● **THE DATA**:
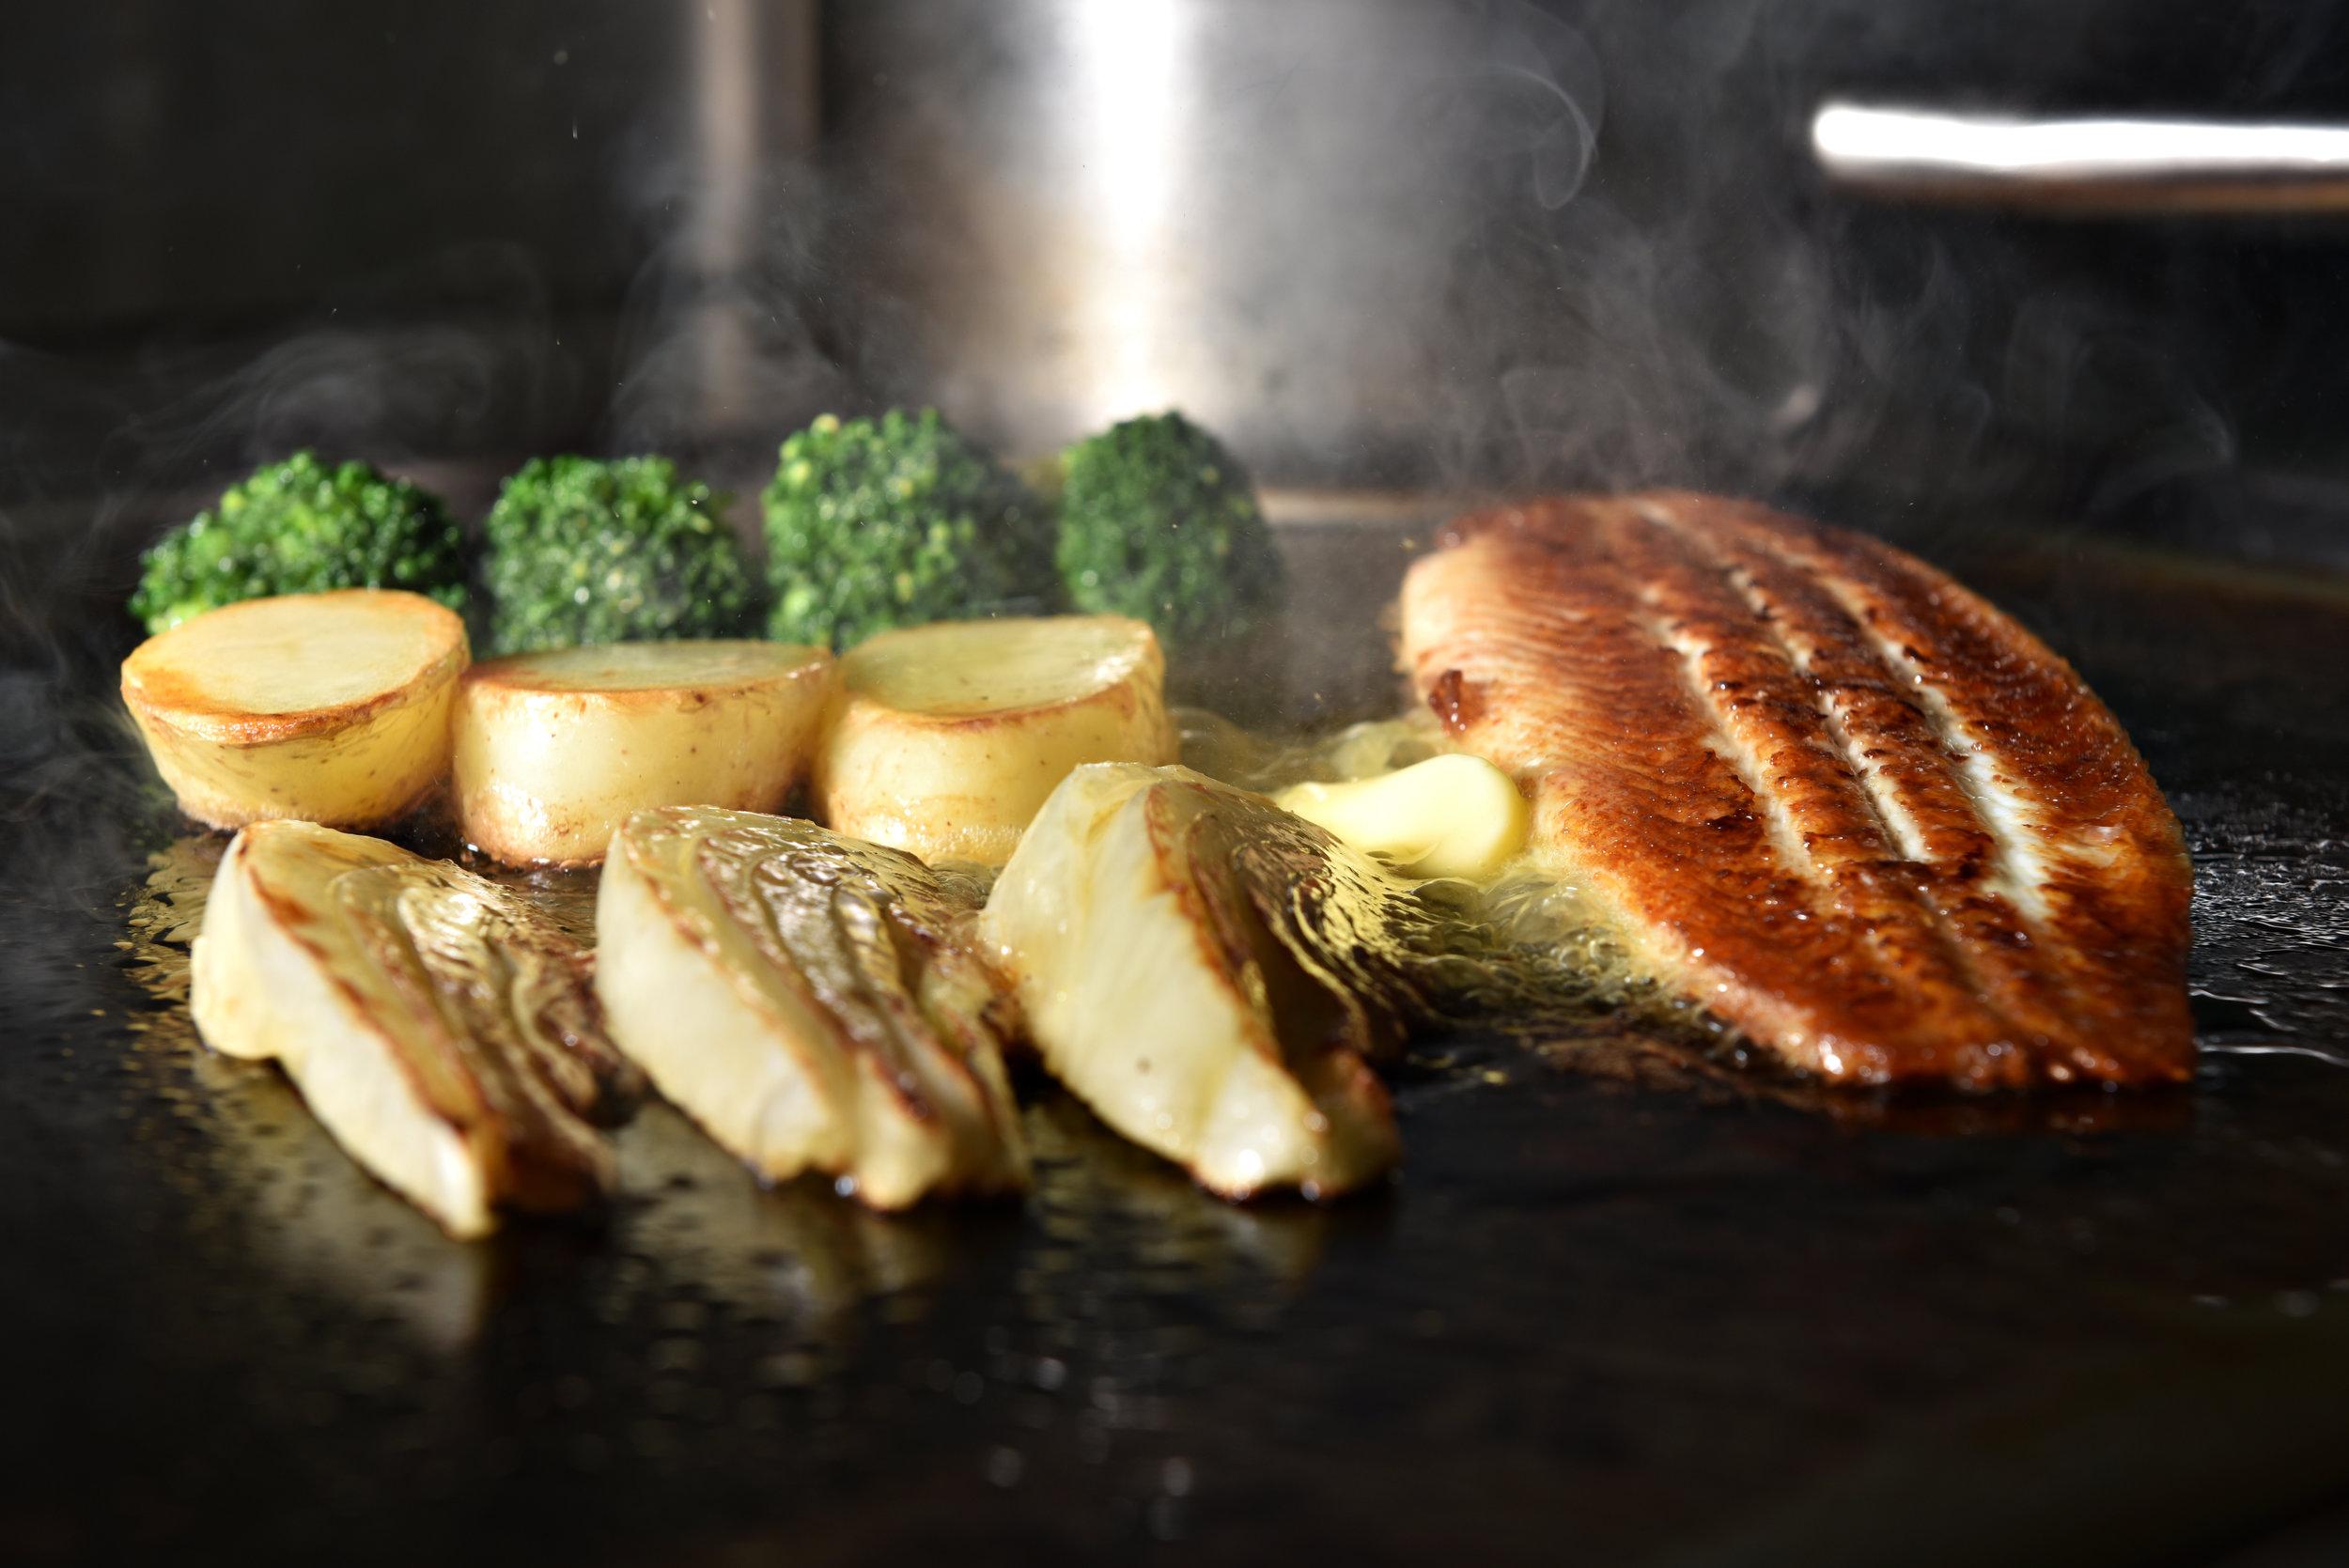 4 dome sur mer seafood schaal schelp kreeft restaurant bistro antwerpen frederic chabbert michelinstar bart albrecht tablefever.jpg
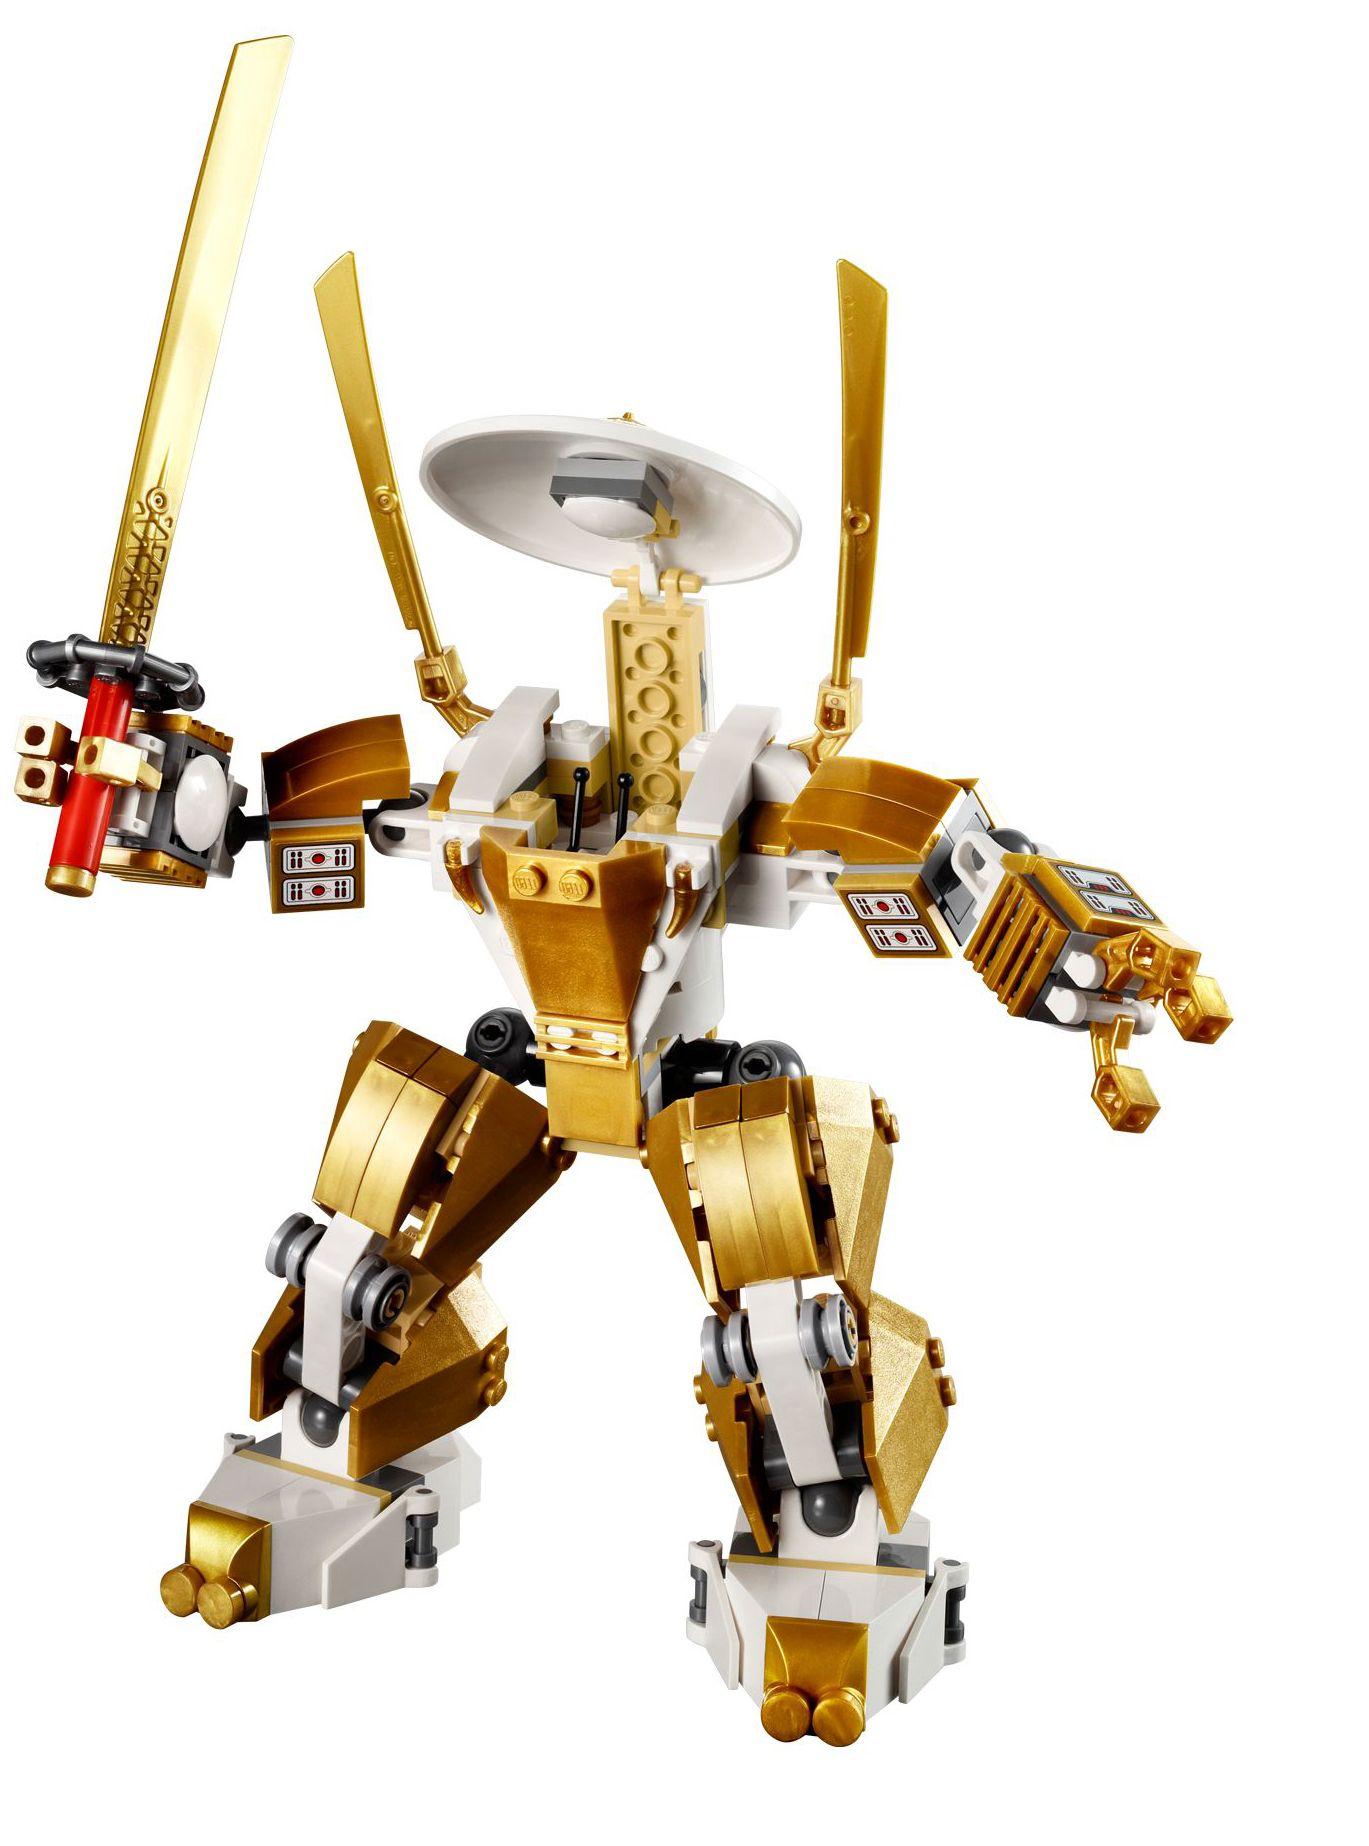 Worksheet. Lego 70505  Temple of Light  i Brick City
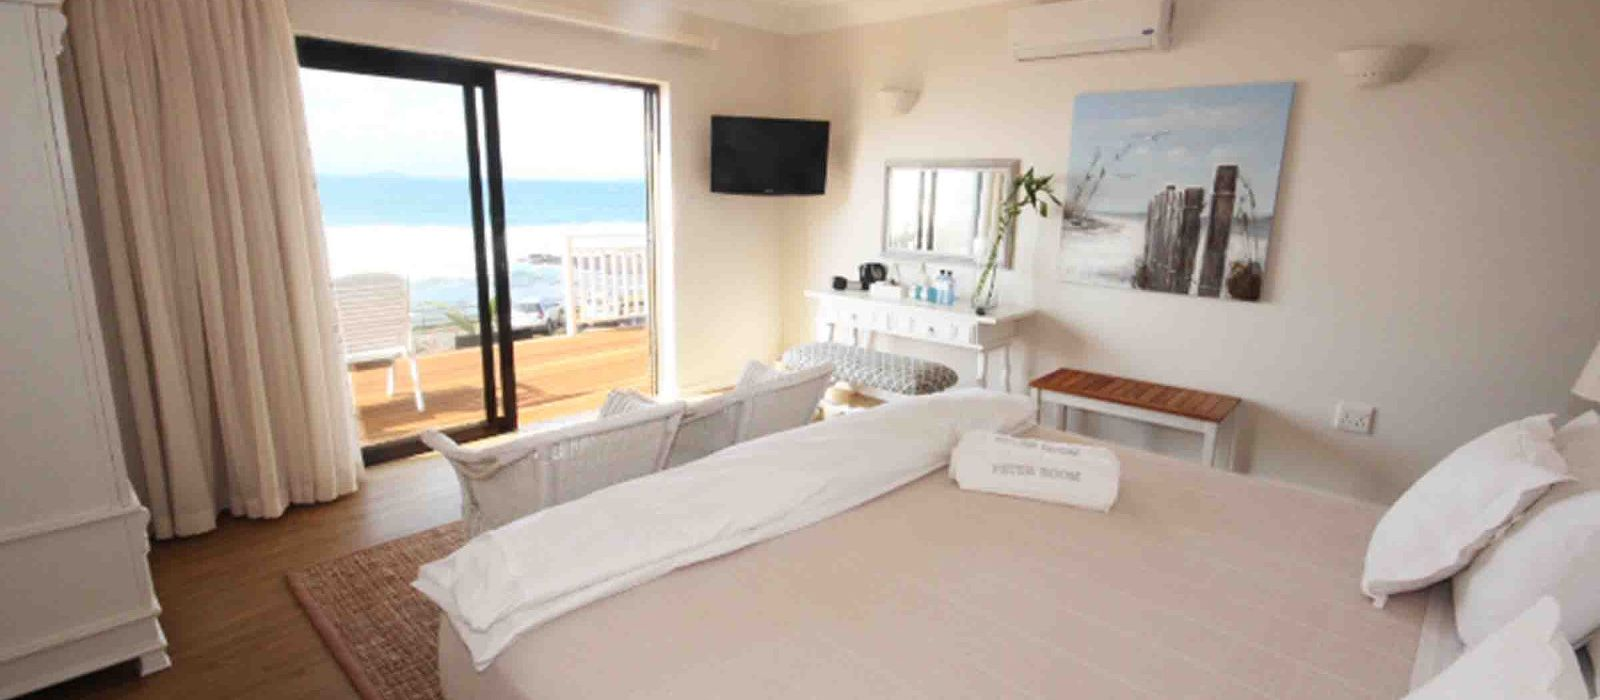 Hotel Fairlight Beach House South Africa

● **EXERCISE OBJECTIVE**: Retype exactly, please, the span from the line holding "Worksheet. Lego 70505" through the closing line of the data, both ends included, without the pictures.

● **PROBLEM SOLUTION**:
 Worksheet. Lego 70505  Temple of Light  i Brick City
 Hotel Fairlight Beach House South Africa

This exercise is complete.